● Brief
With the records in front of you, set every one of them down exactly.

-------- Given information

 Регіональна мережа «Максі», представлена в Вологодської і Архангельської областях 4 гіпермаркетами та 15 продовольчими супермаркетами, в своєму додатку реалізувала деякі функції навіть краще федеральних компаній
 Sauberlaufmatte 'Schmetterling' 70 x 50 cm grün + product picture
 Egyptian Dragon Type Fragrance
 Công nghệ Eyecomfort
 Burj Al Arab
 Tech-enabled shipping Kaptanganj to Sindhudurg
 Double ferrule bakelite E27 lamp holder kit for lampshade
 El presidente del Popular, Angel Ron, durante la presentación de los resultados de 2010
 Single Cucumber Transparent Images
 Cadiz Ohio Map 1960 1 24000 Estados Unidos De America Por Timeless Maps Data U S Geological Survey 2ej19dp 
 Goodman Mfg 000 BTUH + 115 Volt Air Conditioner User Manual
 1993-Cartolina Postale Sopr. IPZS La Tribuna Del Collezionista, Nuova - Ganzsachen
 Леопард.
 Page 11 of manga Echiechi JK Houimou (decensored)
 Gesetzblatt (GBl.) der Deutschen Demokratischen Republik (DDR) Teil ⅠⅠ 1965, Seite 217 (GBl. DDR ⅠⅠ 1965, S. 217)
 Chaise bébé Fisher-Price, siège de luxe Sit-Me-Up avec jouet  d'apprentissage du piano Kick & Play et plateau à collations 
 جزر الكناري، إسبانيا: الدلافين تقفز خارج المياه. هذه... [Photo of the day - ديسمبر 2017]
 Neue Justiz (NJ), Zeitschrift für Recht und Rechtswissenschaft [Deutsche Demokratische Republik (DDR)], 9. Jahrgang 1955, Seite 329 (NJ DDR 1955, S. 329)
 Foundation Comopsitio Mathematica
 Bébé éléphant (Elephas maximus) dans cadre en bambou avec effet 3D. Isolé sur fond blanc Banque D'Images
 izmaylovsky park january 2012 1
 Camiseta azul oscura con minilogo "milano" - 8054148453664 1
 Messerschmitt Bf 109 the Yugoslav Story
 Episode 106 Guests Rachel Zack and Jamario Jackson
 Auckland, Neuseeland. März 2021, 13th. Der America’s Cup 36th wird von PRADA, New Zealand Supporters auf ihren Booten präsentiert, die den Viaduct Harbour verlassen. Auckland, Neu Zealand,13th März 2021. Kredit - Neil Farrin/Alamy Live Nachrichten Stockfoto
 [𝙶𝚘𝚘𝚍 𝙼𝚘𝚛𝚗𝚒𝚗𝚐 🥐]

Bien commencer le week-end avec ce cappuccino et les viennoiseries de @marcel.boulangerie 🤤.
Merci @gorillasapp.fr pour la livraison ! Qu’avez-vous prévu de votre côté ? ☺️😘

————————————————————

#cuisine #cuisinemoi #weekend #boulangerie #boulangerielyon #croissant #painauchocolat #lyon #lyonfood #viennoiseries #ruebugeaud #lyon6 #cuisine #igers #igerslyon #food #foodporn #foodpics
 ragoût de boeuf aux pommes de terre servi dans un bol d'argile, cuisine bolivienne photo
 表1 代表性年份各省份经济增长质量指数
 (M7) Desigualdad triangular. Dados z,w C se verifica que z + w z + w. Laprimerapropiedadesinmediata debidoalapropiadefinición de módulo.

----------------

● Exercise output
 Регіональна мережа «Максі», представлена в Вологодської і Архангельської областях 4 гіпермаркетами та 15 продовольчими супермаркетами, в своєму додатку реалізувала деякі функції навіть краще федеральних компаній
 Sauberlaufmatte 'Schmetterling' 70 x 50 cm grün + product picture
 Egyptian Dragon Type Fragrance
 Công nghệ Eyecomfort
 Burj Al Arab
 Tech-enabled shipping Kaptanganj to Sindhudurg
 Double ferrule bakelite E27 lamp holder kit for lampshade
 El presidente del Popular, Angel Ron, durante la presentación de los resultados de 2010
 Single Cucumber Transparent Images
 Cadiz Ohio Map 1960 1 24000 Estados Unidos De America Por Timeless Maps Data U S Geological Survey 2ej19dp 
 Goodman Mfg 000 BTUH + 115 Volt Air Conditioner User Manual
 1993-Cartolina Postale Sopr. IPZS La Tribuna Del Collezionista, Nuova - Ganzsachen
 Леопард.
 Page 11 of manga Echiechi JK Houimou (decensored)
 Gesetzblatt (GBl.) der Deutschen Demokratischen Republik (DDR) Teil ⅠⅠ 1965, Seite 217 (GBl. DDR ⅠⅠ 1965, S. 217)
 Chaise bébé Fisher-Price, siège de luxe Sit-Me-Up avec jouet  d'apprentissage du piano Kick & Play et plateau à collations 
 جزر الكناري، إسبانيا: الدلافين تقفز خارج المياه. هذه... [Photo of the day - ديسمبر 2017]
 Neue Justiz (NJ), Zeitschrift für Recht und Rechtswissenschaft [Deutsche Demokratische Republik (DDR)], 9. Jahrgang 1955, Seite 329 (NJ DDR 1955, S. 329)
 Foundation Comopsitio Mathematica
 Bébé éléphant (Elephas maximus) dans cadre en bambou avec effet 3D. Isolé sur fond blanc Banque D'Images
 izmaylovsky park january 2012 1
 Camiseta azul oscura con minilogo "milano" - 8054148453664 1
 Messerschmitt Bf 109 the Yugoslav Story
 Episode 106 Guests Rachel Zack and Jamario Jackson
 Auckland, Neuseeland. März 2021, 13th. Der America’s Cup 36th wird von PRADA, New Zealand Supporters auf ihren Booten präsentiert, die den Viaduct Harbour verlassen. Auckland, Neu Zealand,13th März 2021. Kredit - Neil Farrin/Alamy Live Nachrichten Stockfoto
 [𝙶𝚘𝚘𝚍 𝙼𝚘𝚛𝚗𝚒𝚗𝚐 🥐]

Bien commencer le week-end avec ce cappuccino et les viennoiseries de @marcel.boulangerie 🤤.
Merci @gorillasapp.fr pour la livraison ! Qu’avez-vous prévu de votre côté ? ☺️😘

————————————————————

#cuisine #cuisinemoi #weekend #boulangerie #boulangerielyon #croissant #painauchocolat #lyon #lyonfood #viennoiseries #ruebugeaud #lyon6 #cuisine #igers #igerslyon #food #foodporn #foodpics
 ragoût de boeuf aux pommes de terre servi dans un bol d'argile, cuisine bolivienne photo
 表1 代表性年份各省份经济增长质量指数
 (M7) Desigualdad triangular. Dados z,w C se verifica que z + w z + w. Laprimerapropiedadesinmediata debidoalapropiadefinición de módulo.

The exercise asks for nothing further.